> _Recorded information_
--------

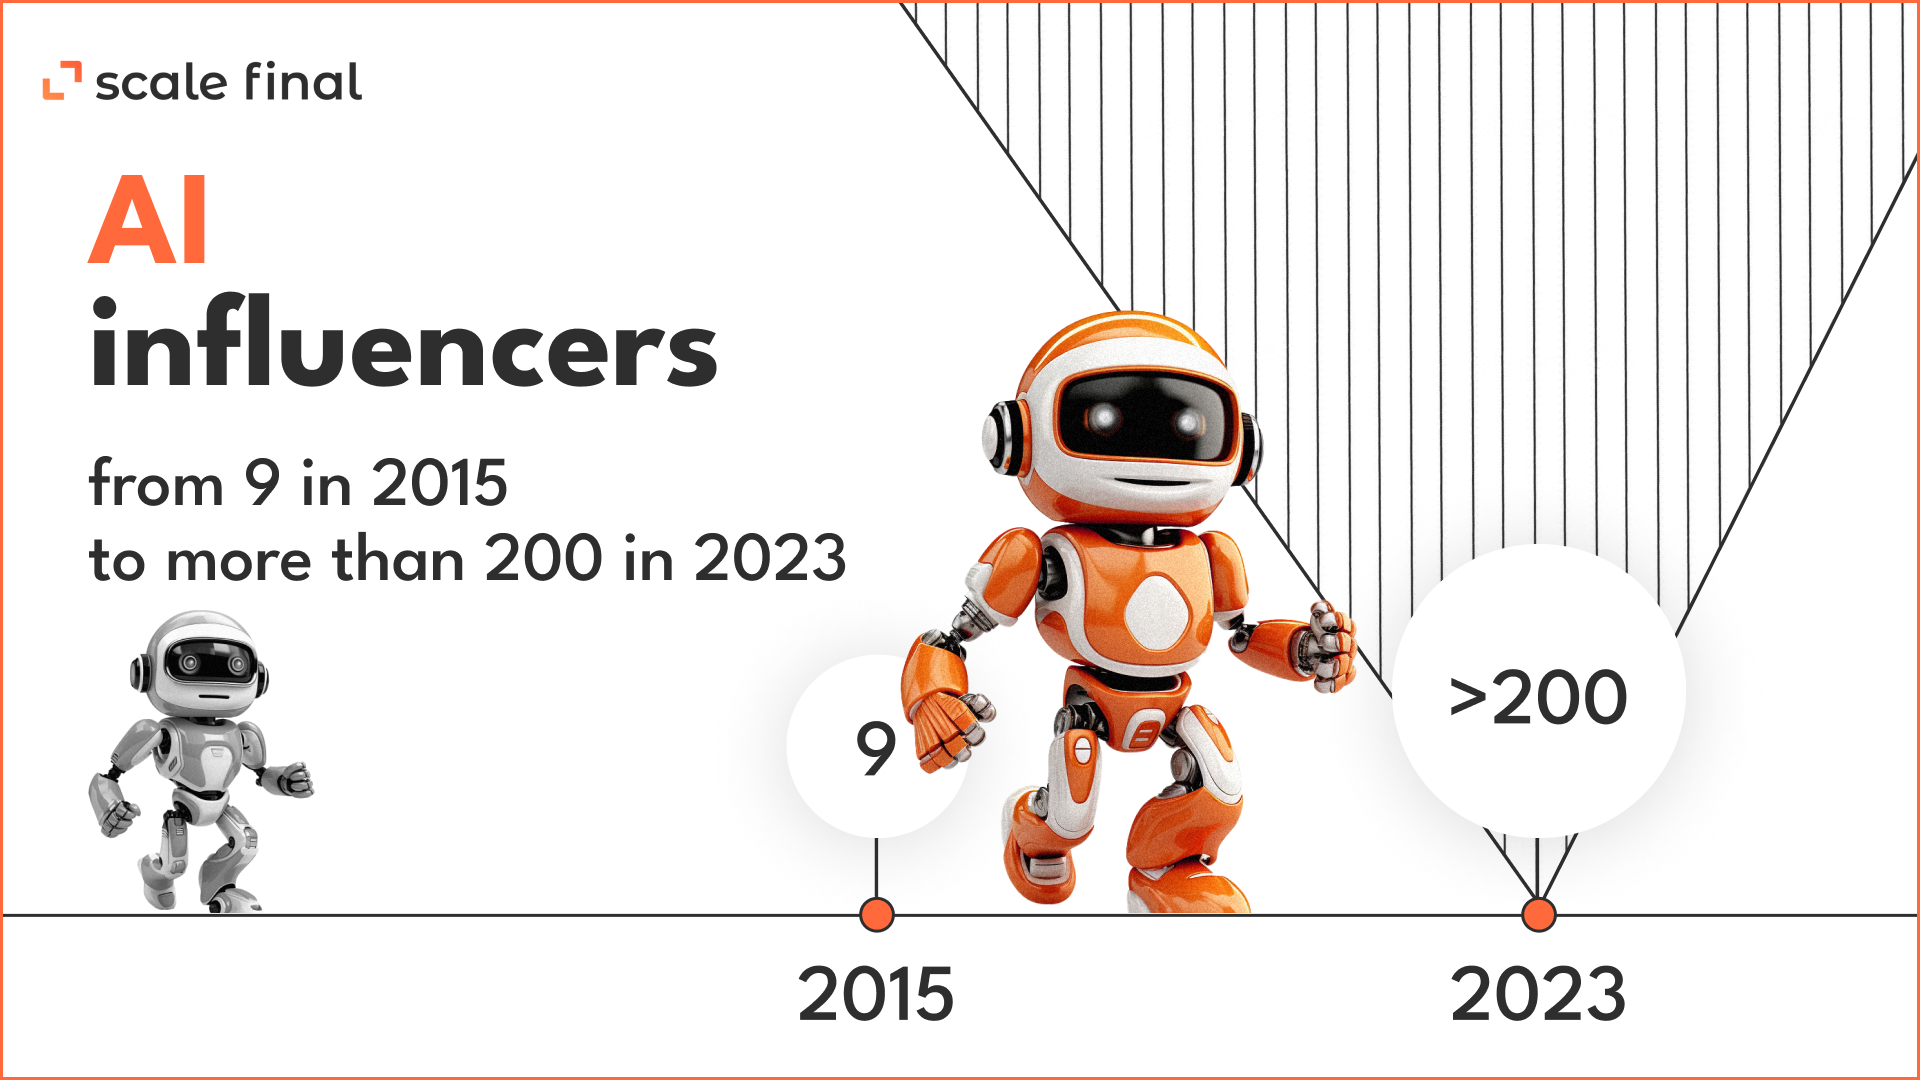 AI influencers from 9 in 2015to more than 200 in 2023
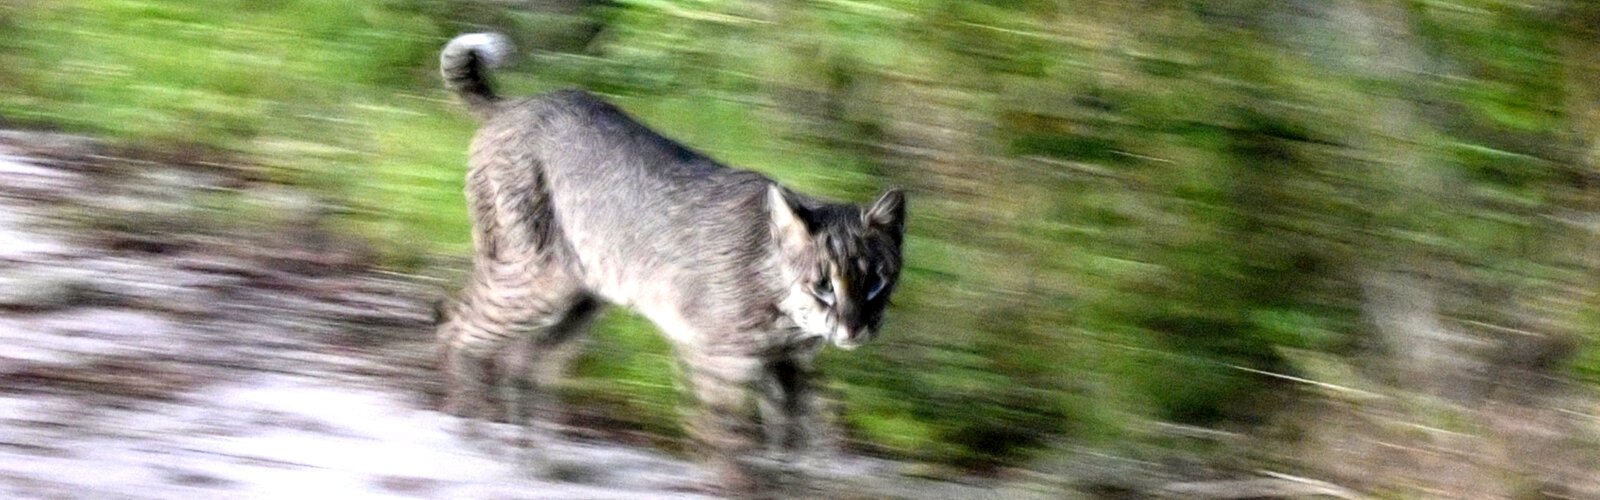 A resident bobcat on the hunt passes furtively on the side of Alligator Alley in the early morning hours.
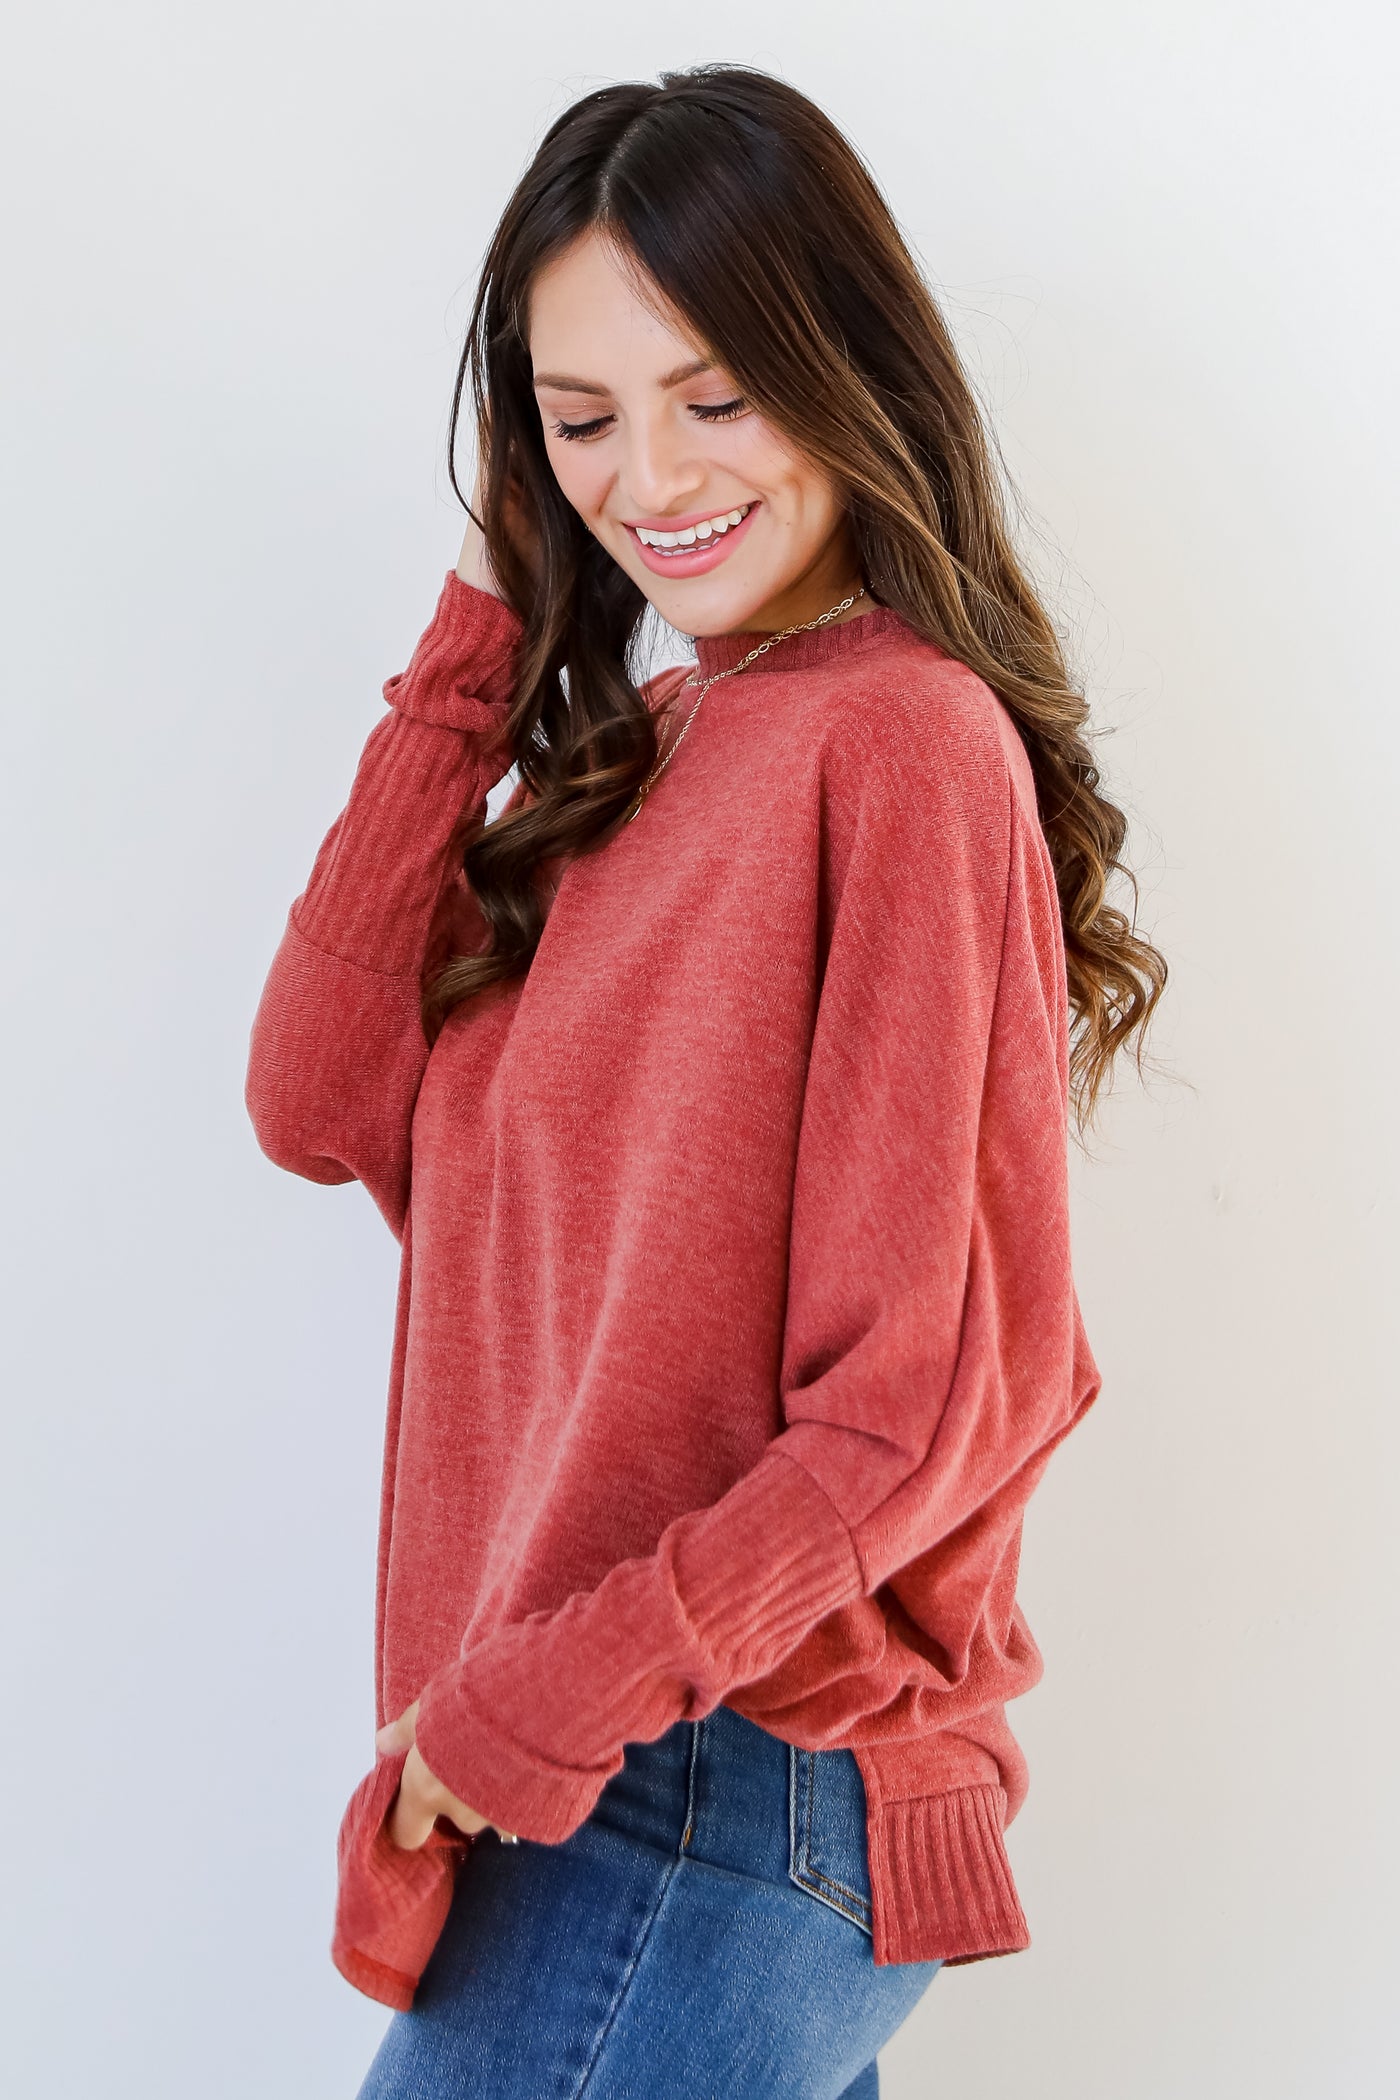 red Knit Top side view

--------

> _Your objective_
What belongs in the answer is each line above, reproduced exactly, and no picture.

> _Output for this exercise_
 AI influencers from 9 in 2015to more than 200 in 2023
 A resident bobcat on the hunt passes furtively on the side of Alligator Alley in the early morning hours.
 red Knit Top side view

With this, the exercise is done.